[Opening EXERCISE DATA section]
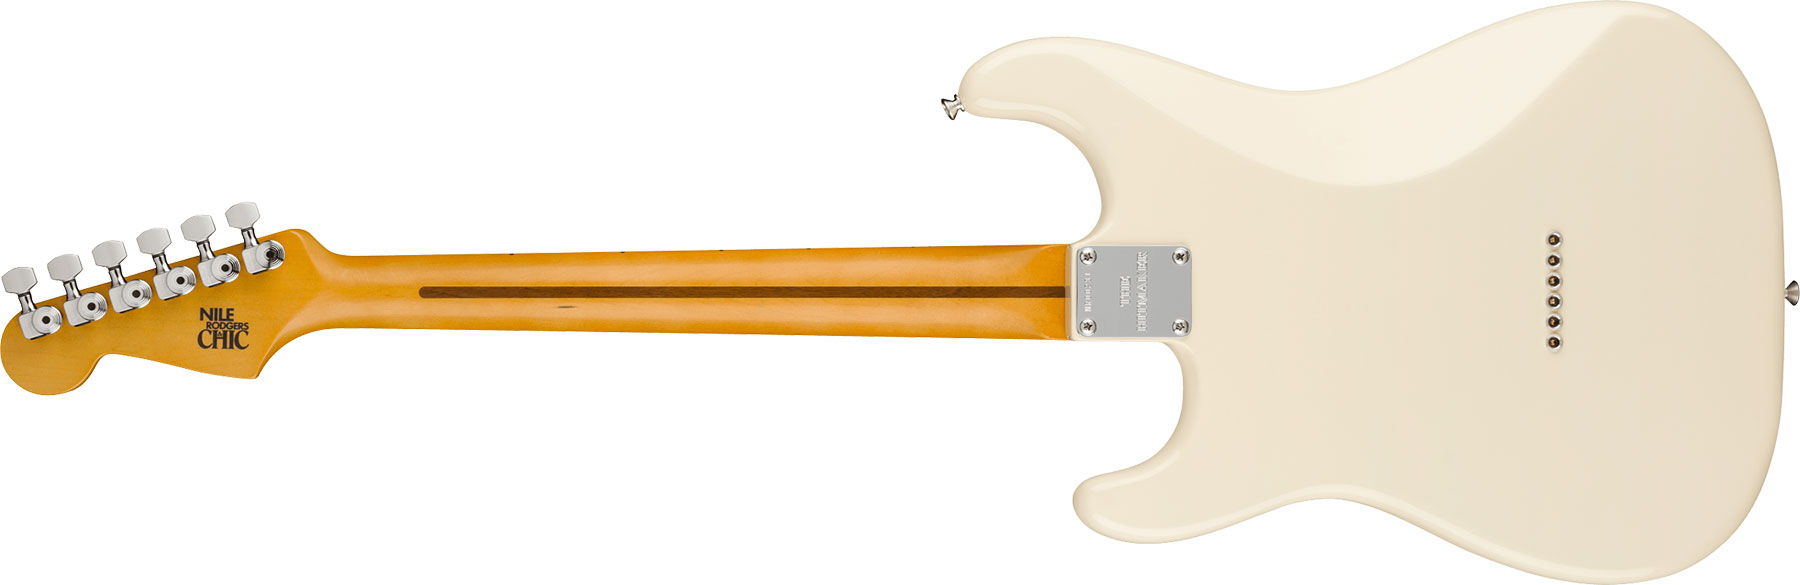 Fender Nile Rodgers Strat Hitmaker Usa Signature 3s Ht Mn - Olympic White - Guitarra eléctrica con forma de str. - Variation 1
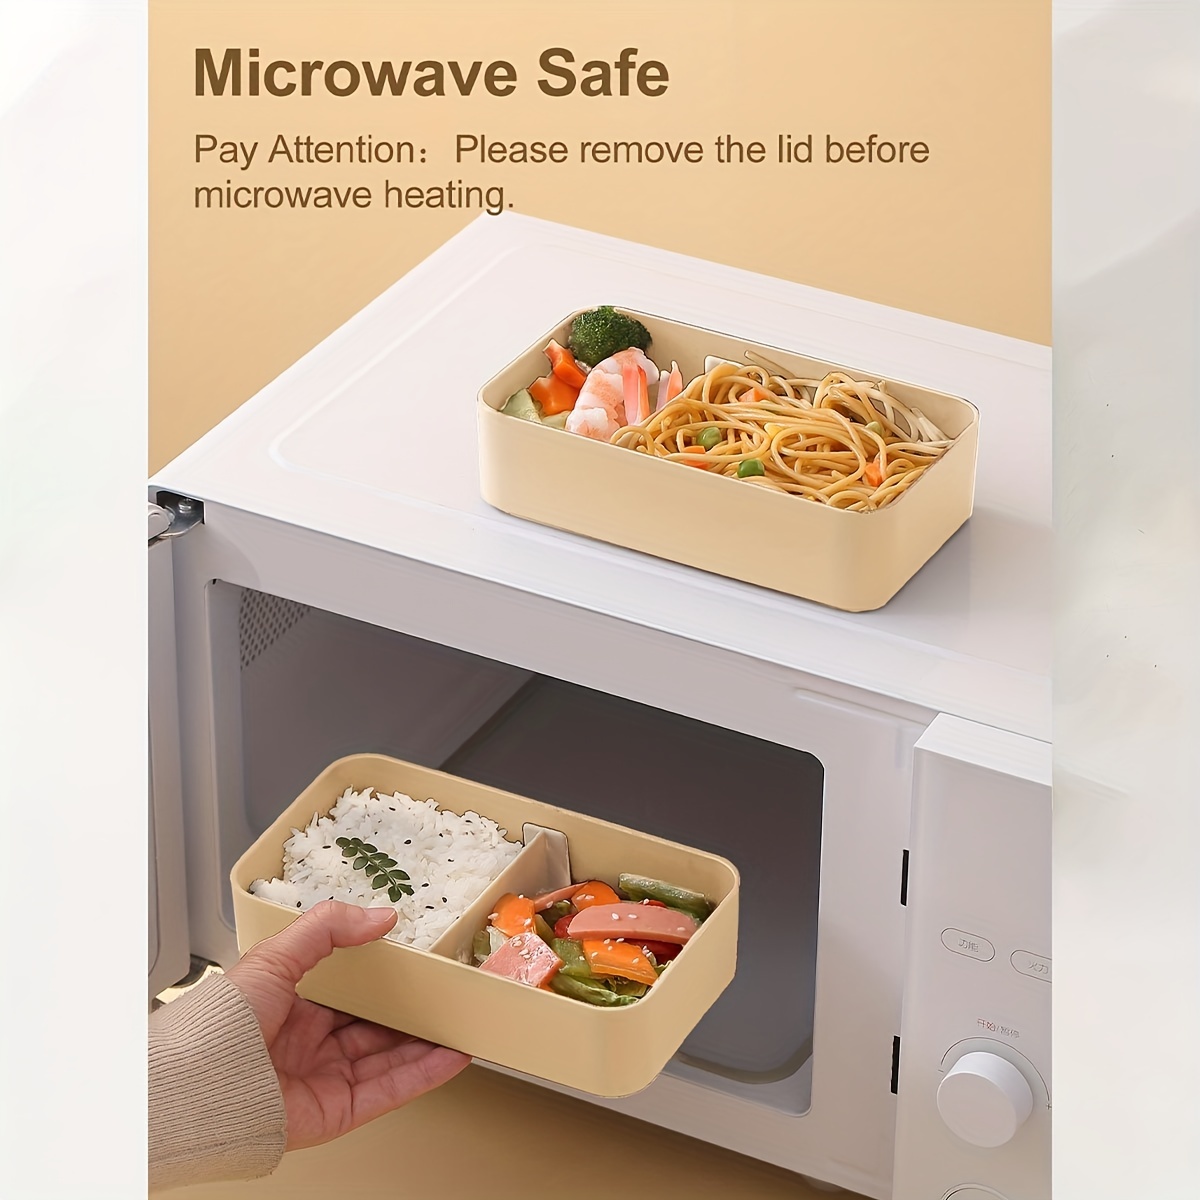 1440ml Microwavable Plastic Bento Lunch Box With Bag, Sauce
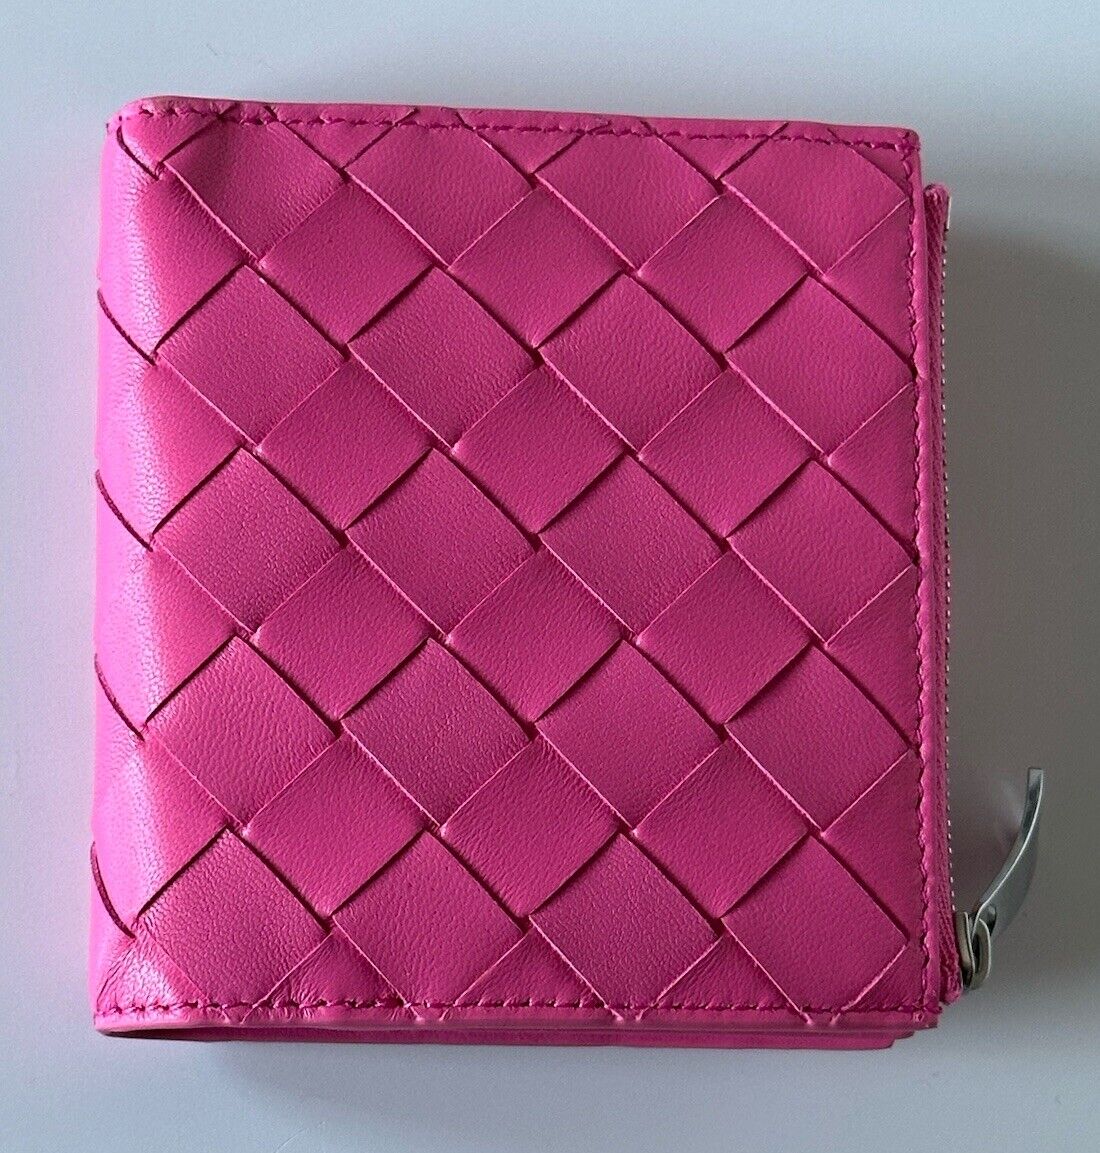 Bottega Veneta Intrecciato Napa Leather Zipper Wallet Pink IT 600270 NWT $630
[Closing EXERCISE DATA section]
- [EXERCISE] Only an exact copy of the lines from the one with "1440ml Microwavable Plastic" through the last line of the data above is wanted, and no pictures.

- [RESULT BELOW]
 1440ml Microwavable Plastic Bento Lunch Box With Bag, Sauce
 Bottega Veneta Intrecciato Napa Leather Zipper Wallet Pink IT 600270 NWT $630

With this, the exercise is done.